Earned premiums $42.3 $44.7
Commissions 0.2 1.0

Total $42.5 $45.7

Amount change $(3.2) $ -
Percent change (7)% - %


Earned premiums decreased for the three months ended March 31, 2005
when compared to the same period in 2004 primarily due to declining
credit and non-credit premium volume.
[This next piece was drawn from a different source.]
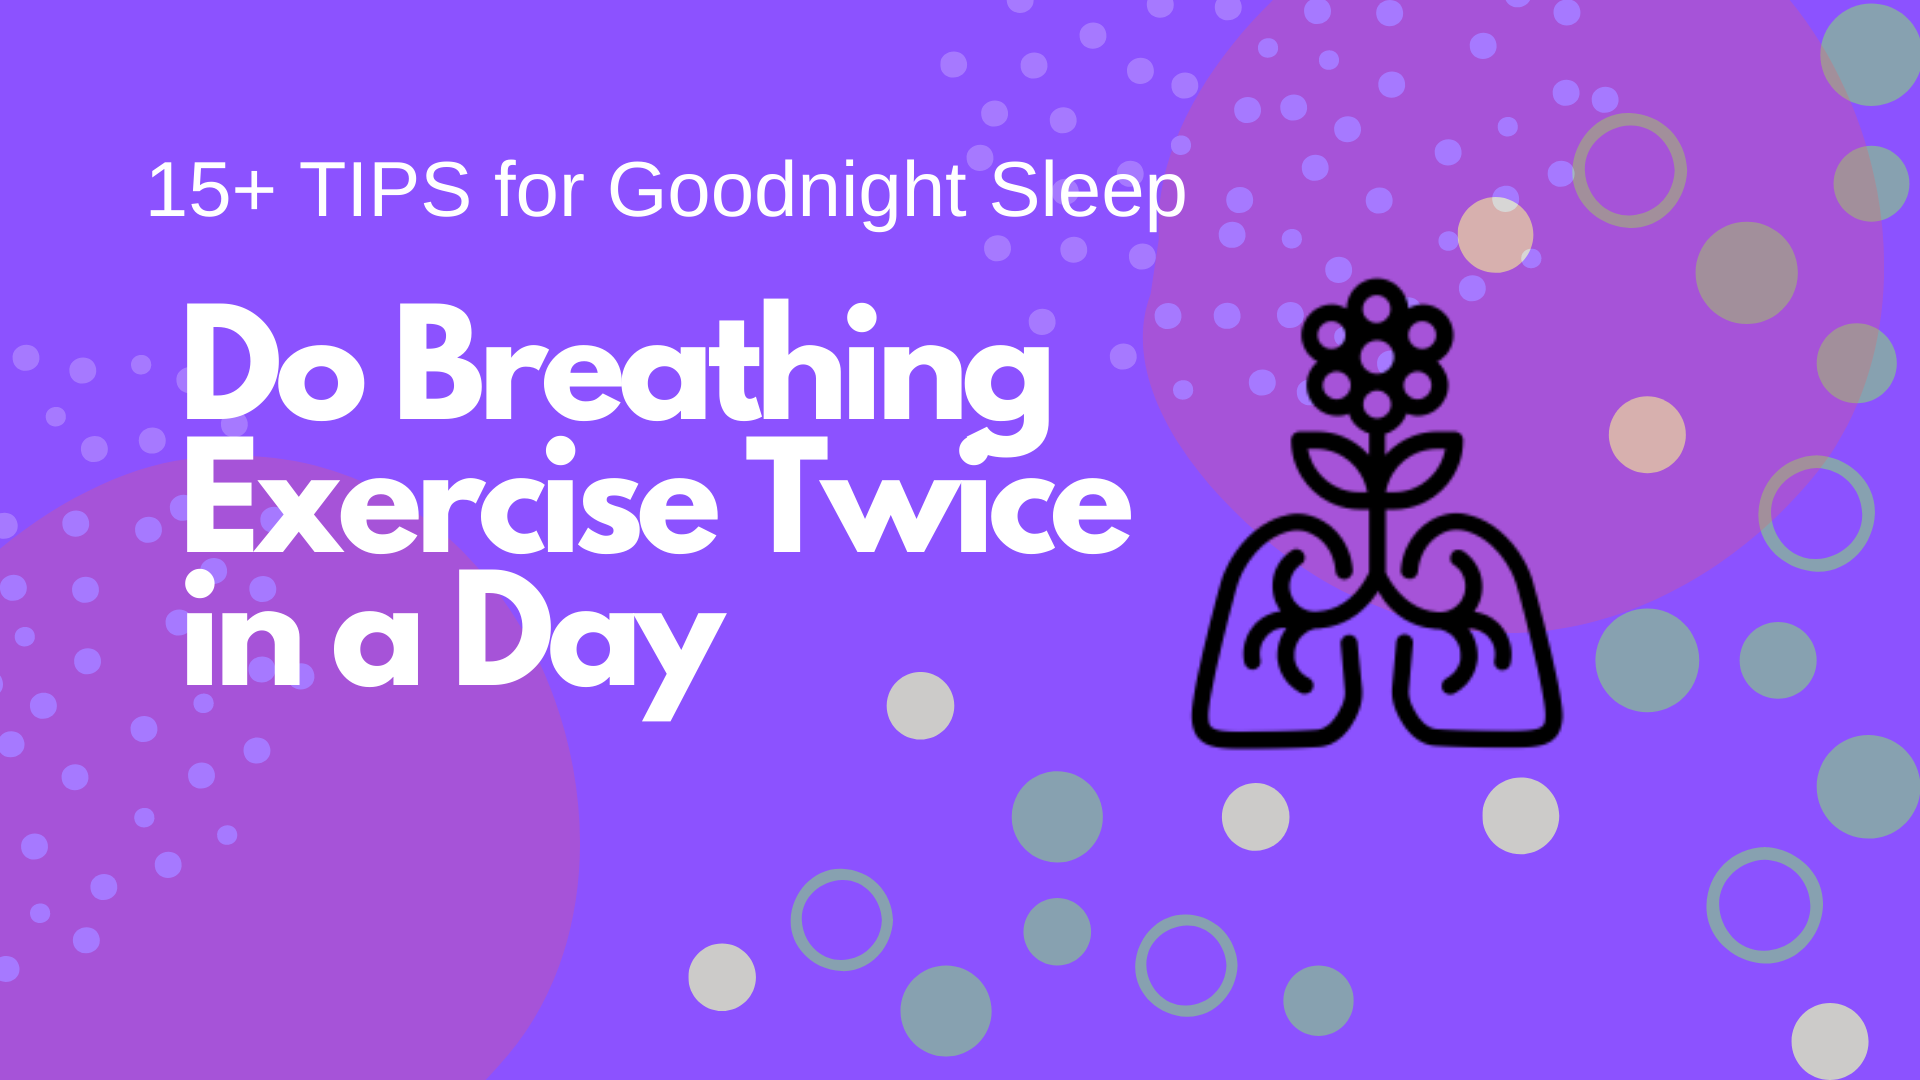 Do Breathing Exercise Twice in a Day

We continued to experience
decreases in the number of non-real estate loan customers, who
historically have purchased the majority of our insurance products,
due to the low mortgage interest rate environment.
19

Other Revenues

Other revenues were as follows:
Three Months Ended
March 31,
2005 2004
(dollars in millions)

Service fee income from a non-subsidiary
affiliate $63.1 $35.6
Miscellaneous:
Investment revenue 21.0 25.4
Writedowns on real estate owned (2.0) (2.3)
Net recovery on sales of real estate owned 0.9 0.3
Net gain on sales of real estate loans
held for sale 0.7 3.5
Other 3.4 1.2

Total $87.1 $63.7

Amount change $23.4 $22.5
Percent change 37% 55%


Other revenues increased for the three months ended March 31, 2005
when compared to the same period in 2004 primarily due to higher
service fee income from a non-subsidiary affiliate, partially offset
by lower investment revenue. Service fee income from a non-subsidiary
affiliate increased due to higher AIG Bank real estate loan production
using our centralized real estate segment's services.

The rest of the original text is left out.